# 1/43 Artin slots at Wallyworld under Deegan brand name?



## ParkRNDL (Mar 20, 2002)

At WalMart last night, I was cruising the toy aisle and I saw these 1/43 sets called Deegan Hevy Hitters (yes, they spelled "Heavy" wrong on the package). Two smaller sets, one was dirt bikes and one was Baja trucks. Then two bigger sets with upside-down sections (obviously super sucker magnet cars), also one Baja trucks and I think one with bikes. The boxes clearly said "Made by Artin" somewhere on the side. But they ALSO said "Collect them all!" with pictures of 8 different cars--there were the two trucks and the two bikes, and then two Nissans--a 240SX and a 350Z, and a Mazda something and a Mitsubishi rally car. Here's the kicker--the Nissans and Mazda and Mitsu were up on the pegs with the diecast in individual packages for like $3.99! When was the last time you could buy individual slot cars at Wally's? Verrrrrry interesting... they seemed to have translucent blue chassis, for what that's worth...

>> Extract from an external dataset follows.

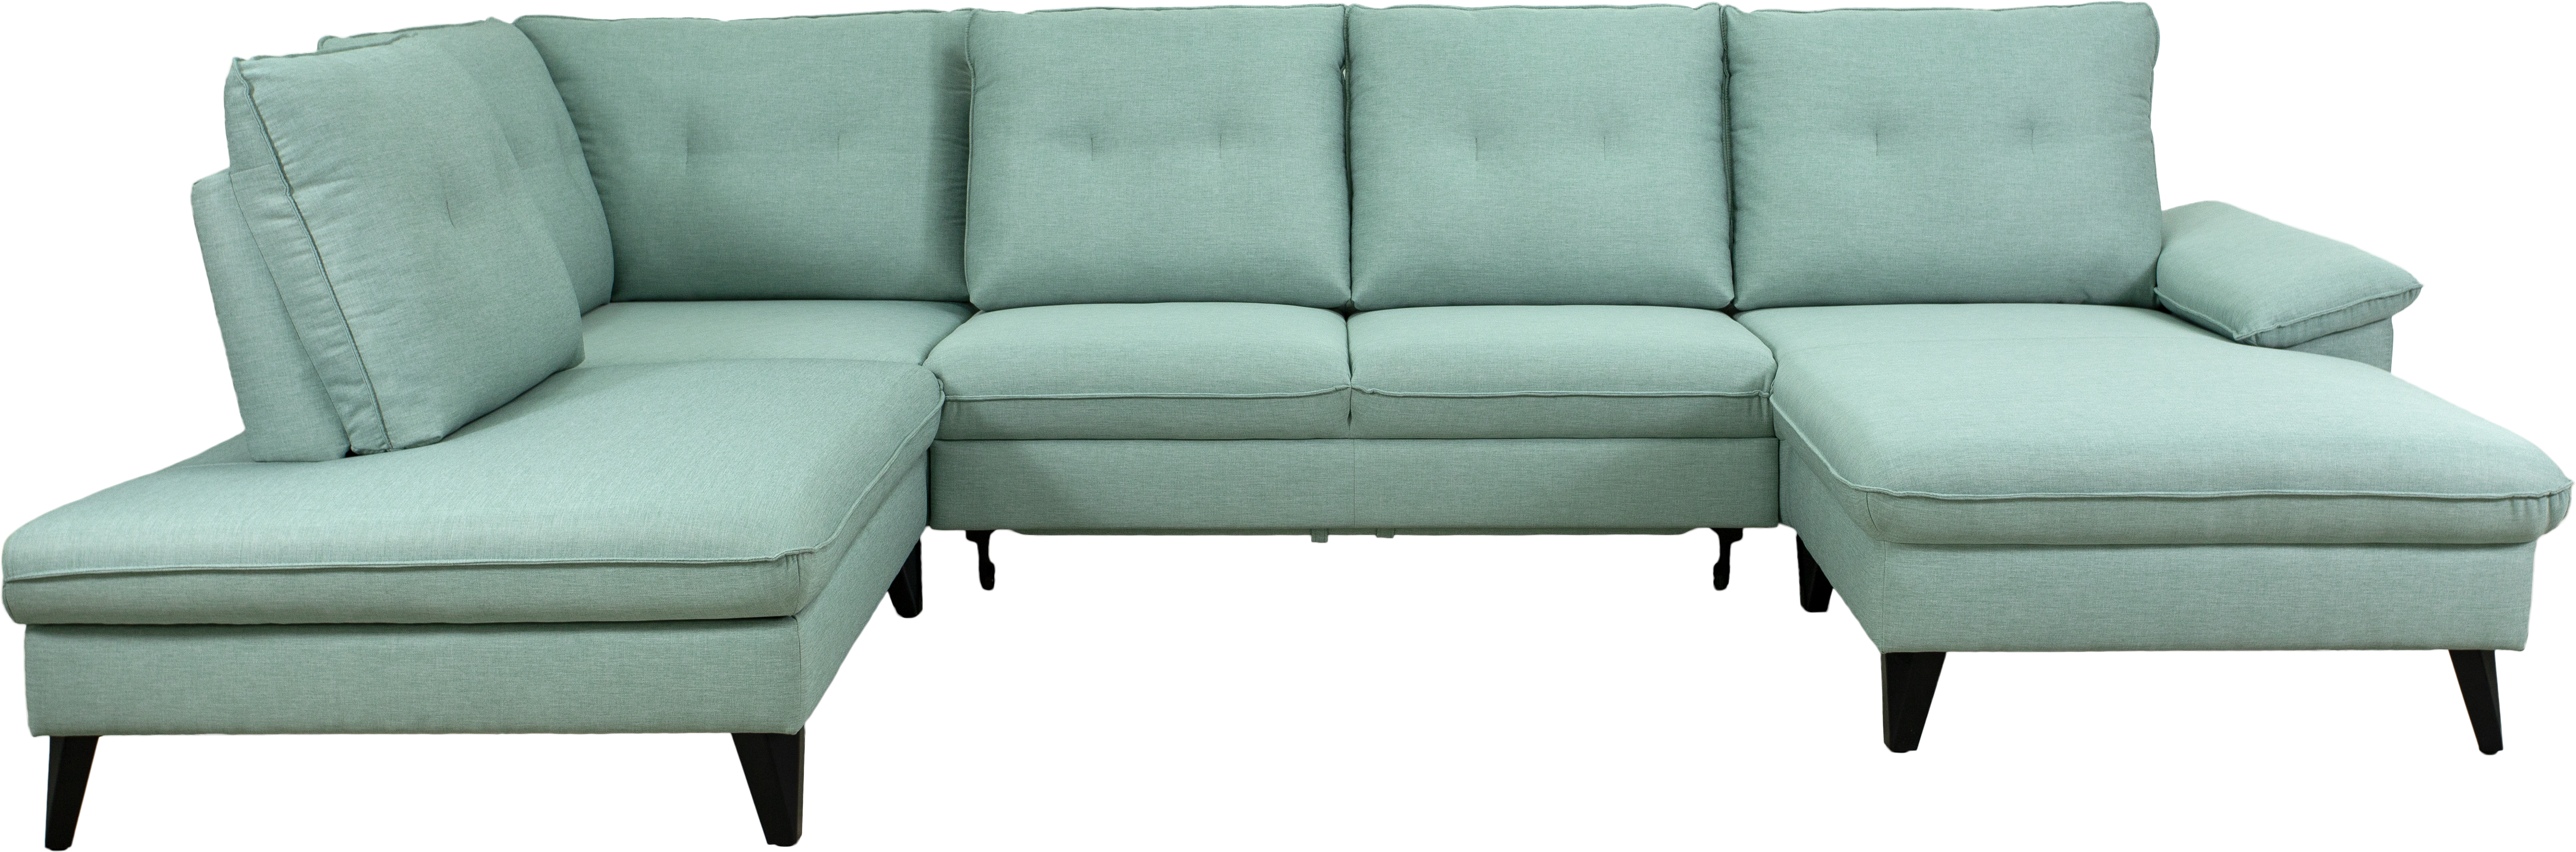 pohodlna-sedacka-s-uloznym-prostorem-cipex-2

There was actually a LOT of weird stuff in the toy aisles at Wally's last night. They had that Mattel/Tyco police chase set with the T/A and the Camaro. They had some real oddball 1/72 and 1/87 diecast--things like construction equipment and 70's mural vans. They had Fresh Cherries 1/24 diecast KITS of the Gremlin and Pinto, some painted, some in gray primer. Then in the R/C aisle, there were these [email protected]$$ DONK-style cars... a '76 Regal and a '72 Bonneville?!? Talk about oddball... and then there were R/Cs that came with two different bodies, like an old Dodge pickup and a new one, or the new Challenger concept and (I think) a new Charger...

Poor me. I didn't get anything. 

--rick


----------



## micyou03 (Apr 8, 2003)

I'm just waiting for my Walmart to get them. They are made by Artin. I have a couple and they run very good. They fishtail very nicely with the rear guide out.

It seems that with Dash, AW, Hevy Hitters, and Carrera Go!!! slots in general are making a come back.


----------



## micyou03 (Apr 8, 2003)

For some reason I didn't realize you said they are Artin.

If any of you give these a try, a good power supply makes all the difference as far as the responce of these cars.


----------



## Nightshade (Jan 15, 2006)

Hmmm...The Wal-Marts down here don't sell slots. I feel all alone. I actually had to wait till I went back home to Omaha to get the slot car set for my 5 year old this last Christmas.

Carrera....they don't do any HO scale do they? I checked them out last night. Boy!!!! *There's* all the GT's I've been looking for.

Mike


----------



## micyou03 (Apr 8, 2003)

No on Carrera HO as far as I know. Carrera Go!!! is 1/43rd.


----------



## SCJ (Jul 15, 1999)

Nightshade said:


> Carrera....they don't do any HO scale do they?
> 
> Mike


They used to make HO, but not for some time now.............




--------------------------
www.SlotCarJohnnies.com


----------



## buddytime (Sep 25, 2007)

We have one of these sets and we can't keep the cars on the tracks and the guides underneath keep breaking or falling off.


----------



## videojimmy (Jan 12, 2006)

here is an Carrera HO car

http://s103.photobucket.com/albums/m157/videojimmy/MISC BRANDS/?action=view&current=DSCF0388.jpg

http://s103.photobucket.com/albums/m157/videojimmy/MISC BRANDS/?action=view&current=DSCF0389.jpg

http://s103.photobucket.com/albums/m157/videojimmy/MISC BRANDS/?action=view&current=DSCF0385.jpg


----------



## Bill Hall (Jan 6, 2007)

Thanks for sharing VJ. Hows that car run?


----------



## noddaz (Aug 6, 1999)

Slots at Wal Mart...
I will have to go look...

Thanks --rick...

Scott


----------